----- THE DATA -----

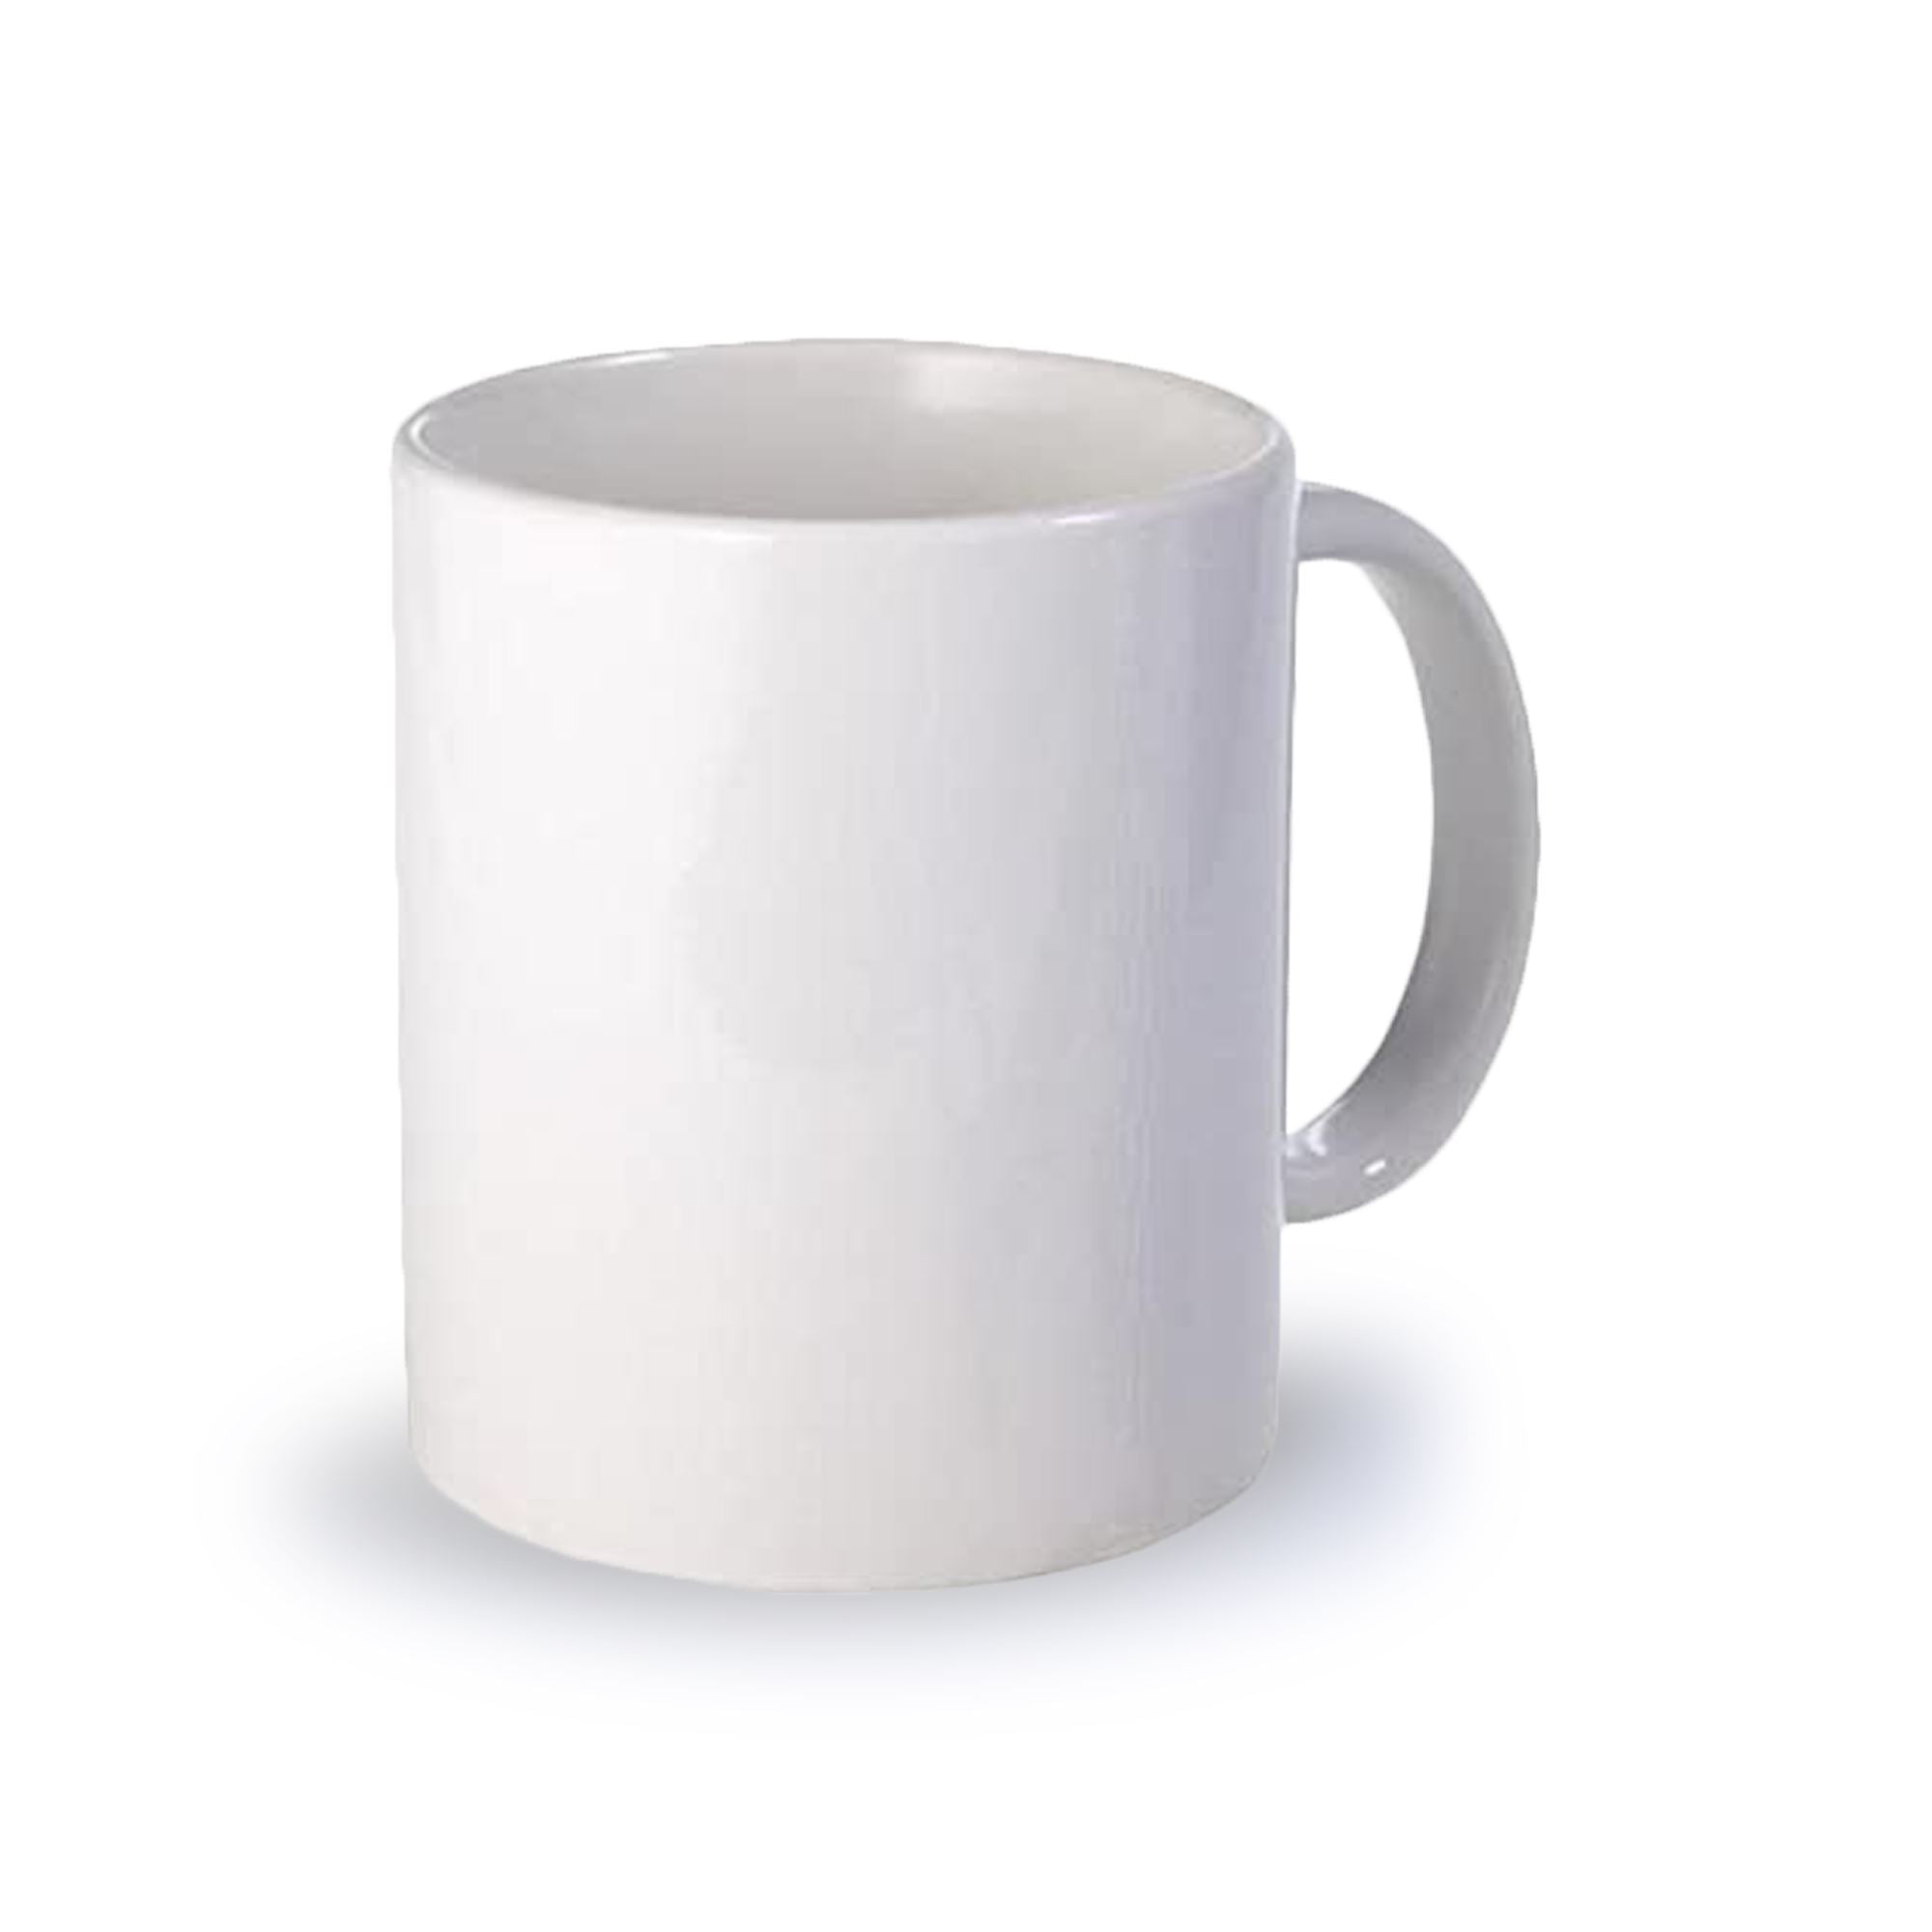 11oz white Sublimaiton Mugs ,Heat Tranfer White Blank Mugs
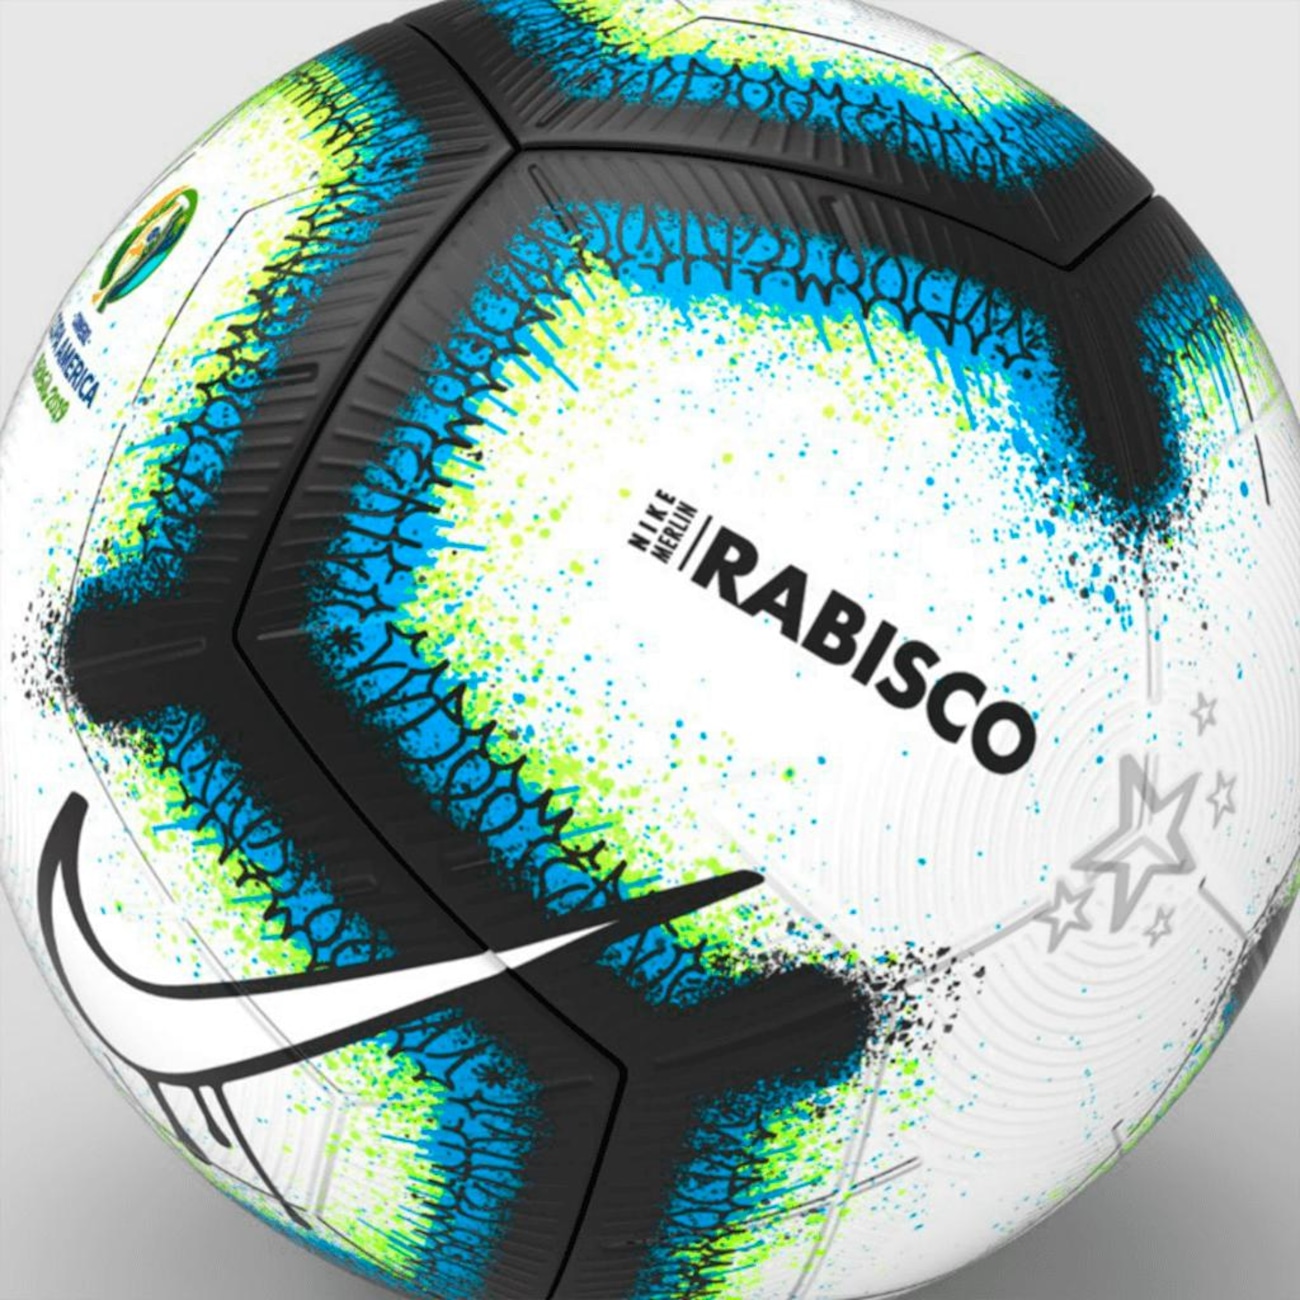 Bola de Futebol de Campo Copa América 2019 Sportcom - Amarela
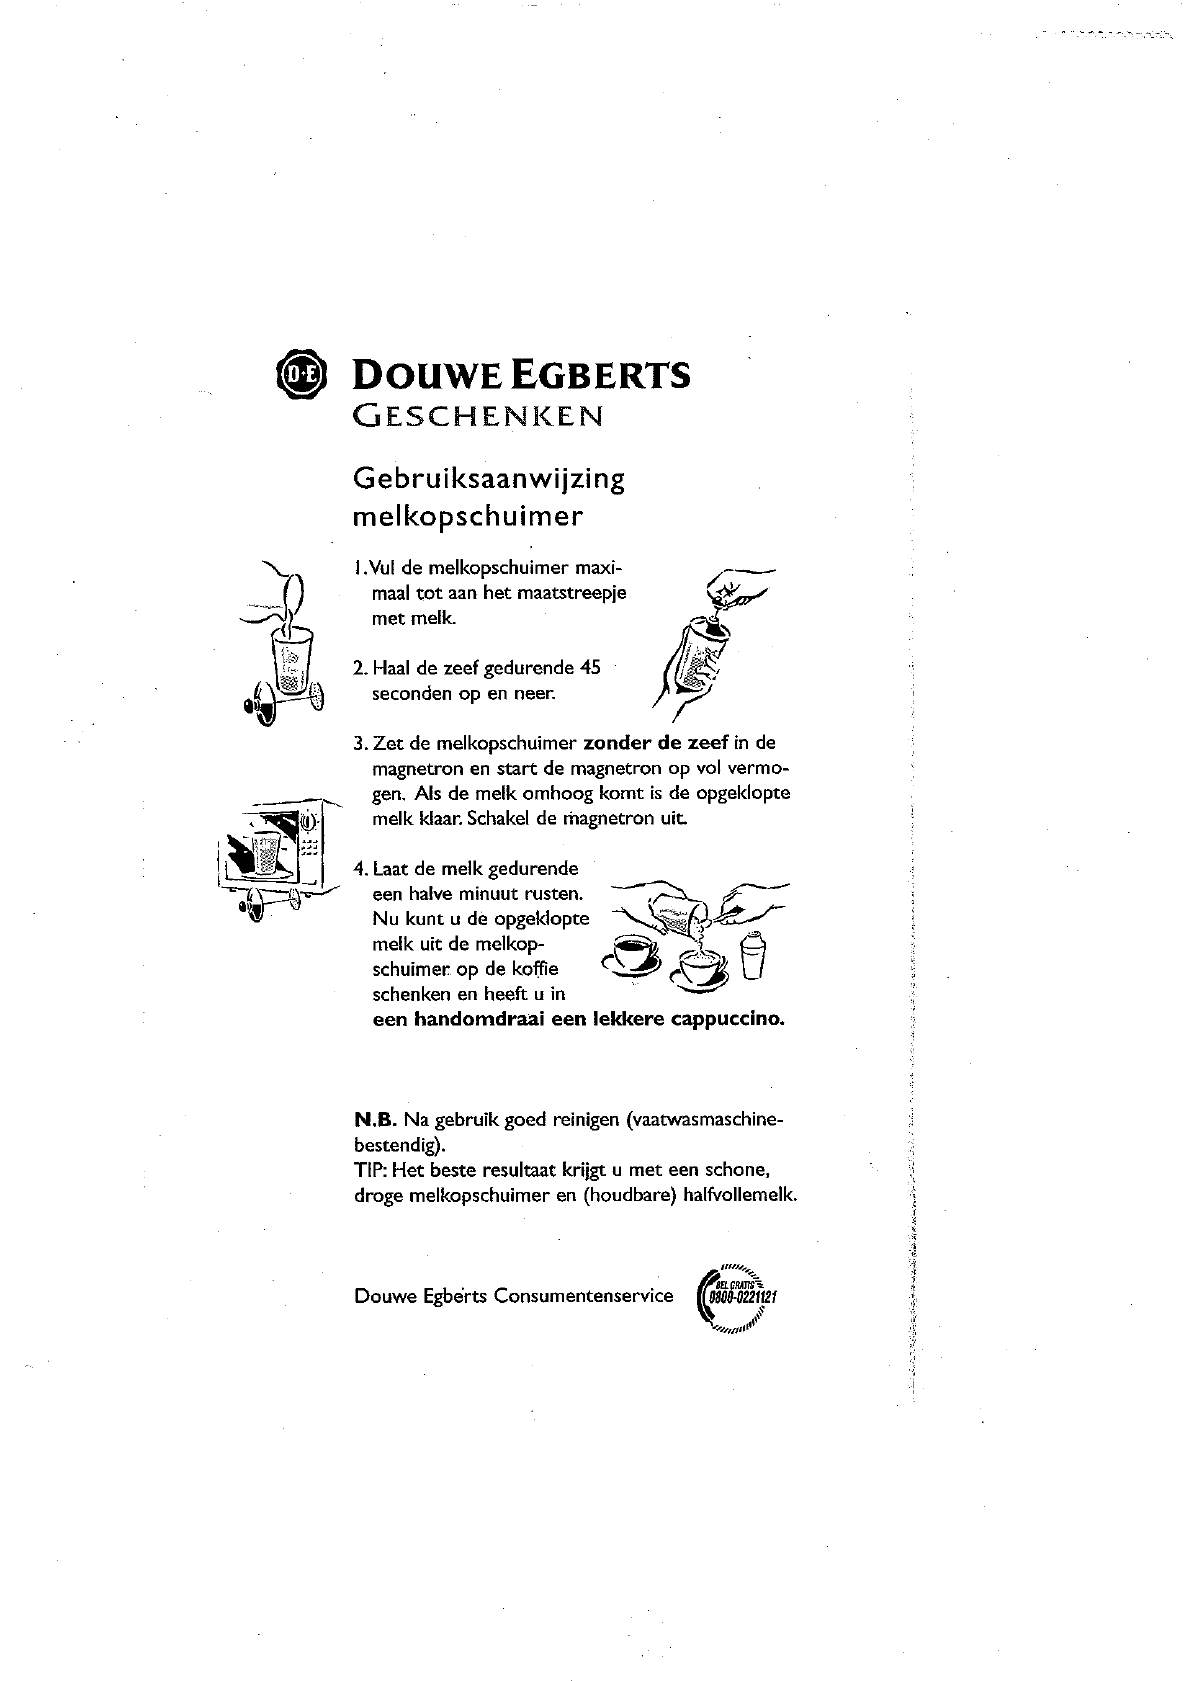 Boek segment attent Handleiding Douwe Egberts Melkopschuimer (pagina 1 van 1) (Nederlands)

-----

EXERCISE BRIEF -
Leaving the pictures out, output all of the listing exactly.

TASK RESULT -
 11oz white Sublimaiton Mugs ,Heat Tranfer White Blank Mugs
 Bola de Futebol de Campo Copa América 2019 Sportcom - Amarela
 Boek segment attent Handleiding Douwe Egberts Melkopschuimer (pagina 1 van 1) (Nederlands)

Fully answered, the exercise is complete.